Here, blockIdx and threadIdx represent the block and thread indices in the grid, while blockDim specifies the number of threads per block. This calculation ensures that:

- Each thread is assigned a unique element in the matrix.
- The workload is evenly distributed across all threads.
- The kernel can handle matrices of arbitrary size by adjusting the grid and block dimensions.

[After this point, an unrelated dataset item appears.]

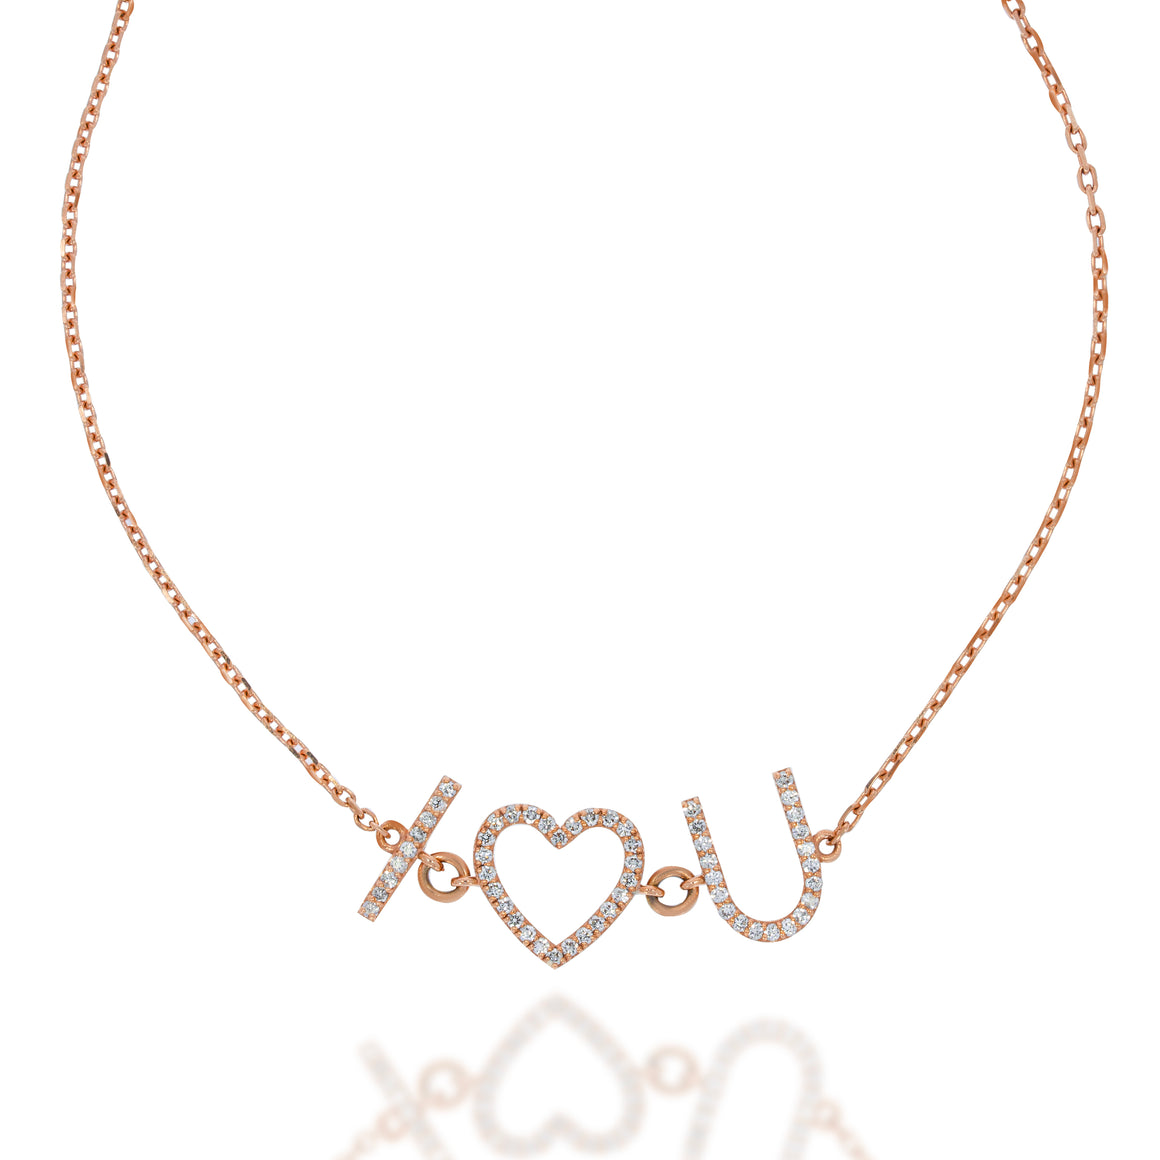 Pave diamonds I LOVE YOU in 18k Rose gold diamond chain bracelet. Because there is nothing more beautiful than a declaration of love.

## Block-Wise Division and Performance Improvement

The use of threadIdx.x, threadIdx.y, blockIdx.x, and blockIdx.y enables block-wise division of the matrix, which is a key factor in improving performance. Here's how it works:

- 1. Thread Organization: CUDA organizes threads into a grid of blocks, where each block contains a fixed number of threads. Each thread has a unique identifier within its block, given by threadIdx.x and threadIdx.y. Each block also has a unique identifier within the grid, given by blockIdx.x and blockIdx.y.
- 2. **Block-Wise Division**: The matrix is divided into smaller tiles, where each tile is processed by one thread block. The size of each tile is determined by the block dimensions (blockDim.x and blockDim.y). For example, if the block size is  $16 \times 16$ , each block processes a  $16 \times 16$  tile of the matrix.
- 3. **Performance Improvement**: **Parallel Execution**: By dividing the matrix into smaller tiles, multiple blocks can work on different parts of the matrix simultaneously. This maximizes parallelism and reduces computation time. **Memory Locality**: Threads within a block can cooperate to load data into shared memory, which is much faster than global memory. This reduces the latency of memory accesses and improves overall performance. **Load Balancing**: Block-wise division ensures that the workload is evenly distributed across

all blocks, minimizing idle time and maximizing GPU utilization. - **Scalability**: As the matrix size increases, more blocks can be launched to handle the additional workload, ensuring that the kernel remains efficient even for very large matrices.

The CUDA kernel for matrix addition optimizes performance by leveraging parallel threads, improving memory access patterns, and efficiently distributing work across the GPU. The use of threadIdx.x, threadIdx.y, blockIdx.x, and blockIdx.y ensures that each thread processes a unique element, enabling high scalability and performance. Block-wise division further enhances performance by maximizing parallelism, improving memory locality, and ensuring load balancing. This approach results in a significant speedup compared to serial implementations, especially for large matrices. The kernel is highly scalable and well-suited for computationally intensive tasks in fields such as scientific computing, machine learning, and data analysis.

# Results and Performance Analysis

The results of the execution are as follows:

- Serial Execution Time: 0.540691 seconds
- Parallel (CUDA) Execution Time: 0.013554 seconds

The speedup is calculated as the ratio of the serial execution time to the parallel execution time:

$$\mathrm{Speedup} = \frac{\mathrm{Serial\ Time}}{\mathrm{Parallel\ Time}} = \frac{0.540691}{0.013554} \approx 39.91$$

Thus, the parallel execution using CUDA achieved a speedup of approximately 39.91 times compared to the serial execution.

# Conclusion

In this report, we have demonstrated the use of CUDA to parallelize the matrix addition operation. The serial implementation took 0.540691 seconds, while the parallel CUDA implementation took only 0.013554 seconds. The observed speedup is significant, highlighting the power of parallel computing using GPUs for large matrix operations. This approach can be applied to other computationally intensive tasks as well.